In Associated Press, we observed that the district court’s order “was a final determination
of the rights of the parties to this action.” Associated Press, ¶ 36. We have stated that
“any decree which leaves matters undetermined is interlocutory in nature and is not a
final judgment for purposes of appeal.” Kirchner v. Western Mont. Regional Community
Mental Health Ctr., 261 Mont. 227, 229, 861 P.2d 927, 929 (1993). In In re Marriage of
Griffin, 260 Mont. 124, 860 P.2d 78 (1993), we explained that for a decree to be final it
must reserve “no further questions or directions for further determination.” Griffin, 260
Mont. at 135, 860 P.2d at 85 (internal quotation marks omitted).
¶17 In Harding v. Garcia, 2007 MT 120, ¶ 16, 337 Mont. 274, 159 P.3d 1083, we held
that the judgment was not final until the district court issued its post-judgment order
setting the amount of attorney fees. Following Harding, we revised the Rules of
Appellate Procedure, effective October 1, 2007, to provide that “[a] final judgment
conclusively determines the rights of the parties and settles all claims in
controversy . . . including any necessary determination of the amount of costs and
attorney fees . . . .” M. R. App. P. 4(1)(a). Thus, the July 2009 judgment was not a final
judgment, and did not trigger the Rule 59 time deadlines.

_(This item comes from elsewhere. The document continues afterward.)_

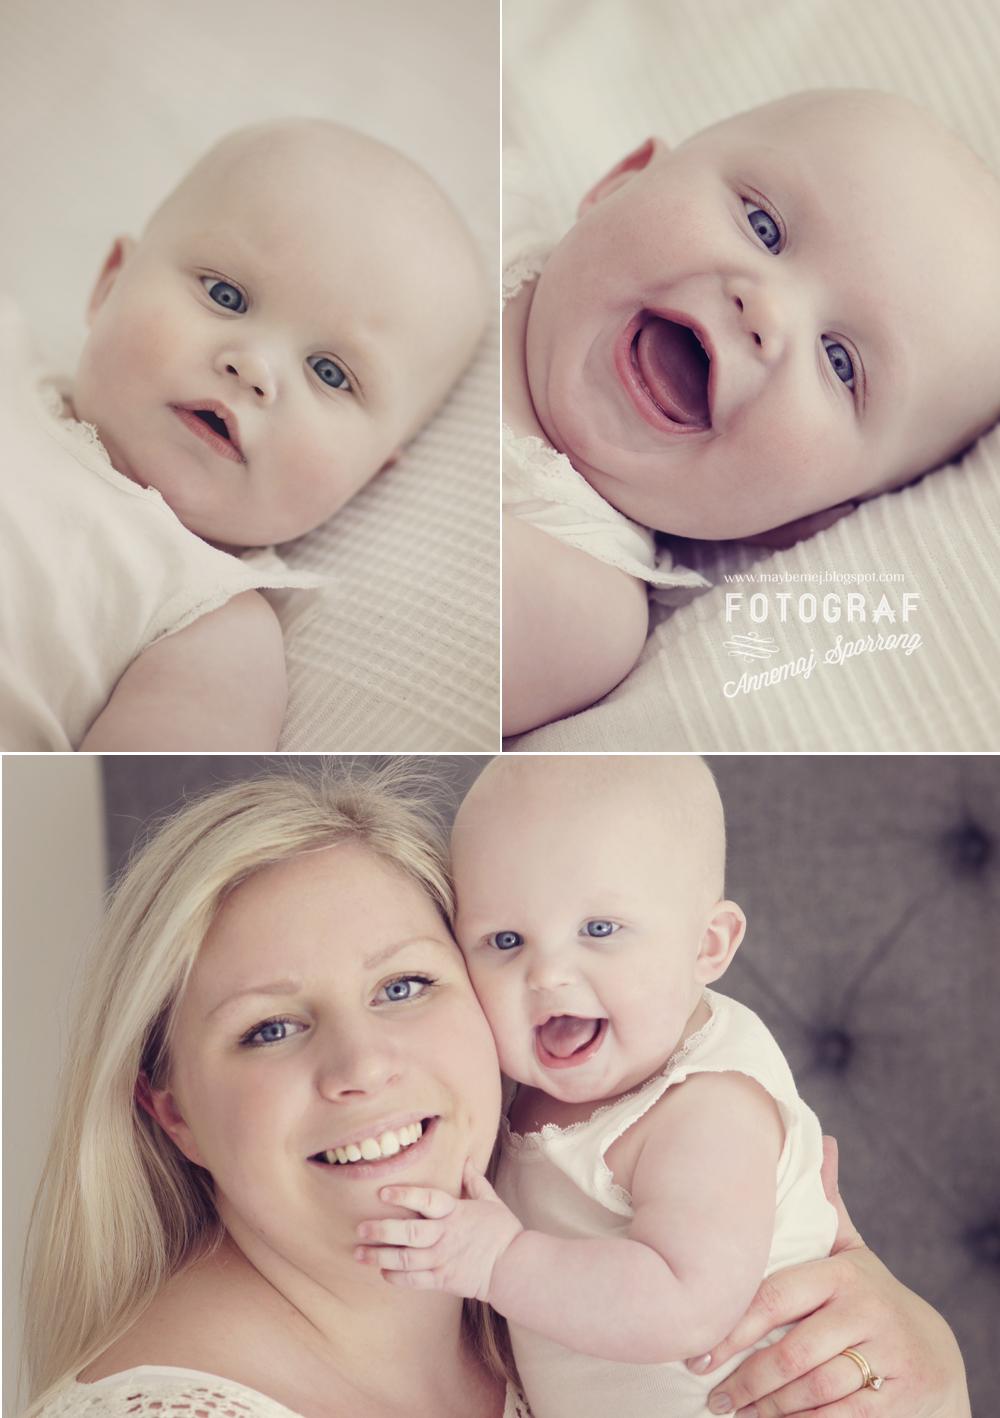 babyphotography-3-900x1276

¶18 2. Did the District Court abuse its discretion by awarding attorney fees to BRPA
under the private attorney general doctrine?
¶19 BRPA argues we should affirm on the ground that Landowners and Marnell have
failed to challenge an alternate basis for the District Court’s award of fees under the
UDJA. While the court did make a brief reference to the UDJA, the conclusion stated
9
that “[b]ased on the foregoing, the court hereby GRANTS BRPA’s Petition for
Attorneys’ Fees under the private attorney general doctrine . . . .” The order is unclear
whether the UDJA served as an alternate basis for the court’s award, and we decline to
affirm solely on that basis.
¶20 We follow the American Rule, “which provides that ‘a party in a civil action is
generally not entitled to [attorney] fees absent a specific contractual or statutory
provision.’” Montrust, ¶ 62 (quoting Matter of Dearborn Drainage Area (Bean Lake II),
240 Mont. 39, 42, 782 P.2d 898, 899 (1989)). In Montrust, we adopted the private
attorney general doctrine as an equitable exception to this rule. See Montrust, ¶¶ 64-67.
We adopted factors to be considered in making such an award: “‘(1) the strength or
societal importance of the public policy vindicated by the litigation, (2) the necessity for
private enforcement and the magnitude of the resultant burden on the plaintiff, (3) the
number of people standing to benefit from the decision.’” Montrust, ¶ 66 (quoting
Serrano v. Priest, 569 P.2d 1303, 1314 (Cal. 1977)). In Finke v. State ex rel. McGrath,
2003 MT 48, 314 Mont. 314, 65 P.3d 576, we also considered whether an award of fees
would be unjust under the circumstances. See Finke, ¶ 33. Landowners and Marnell
contest the District Court’s award of fees under each factor.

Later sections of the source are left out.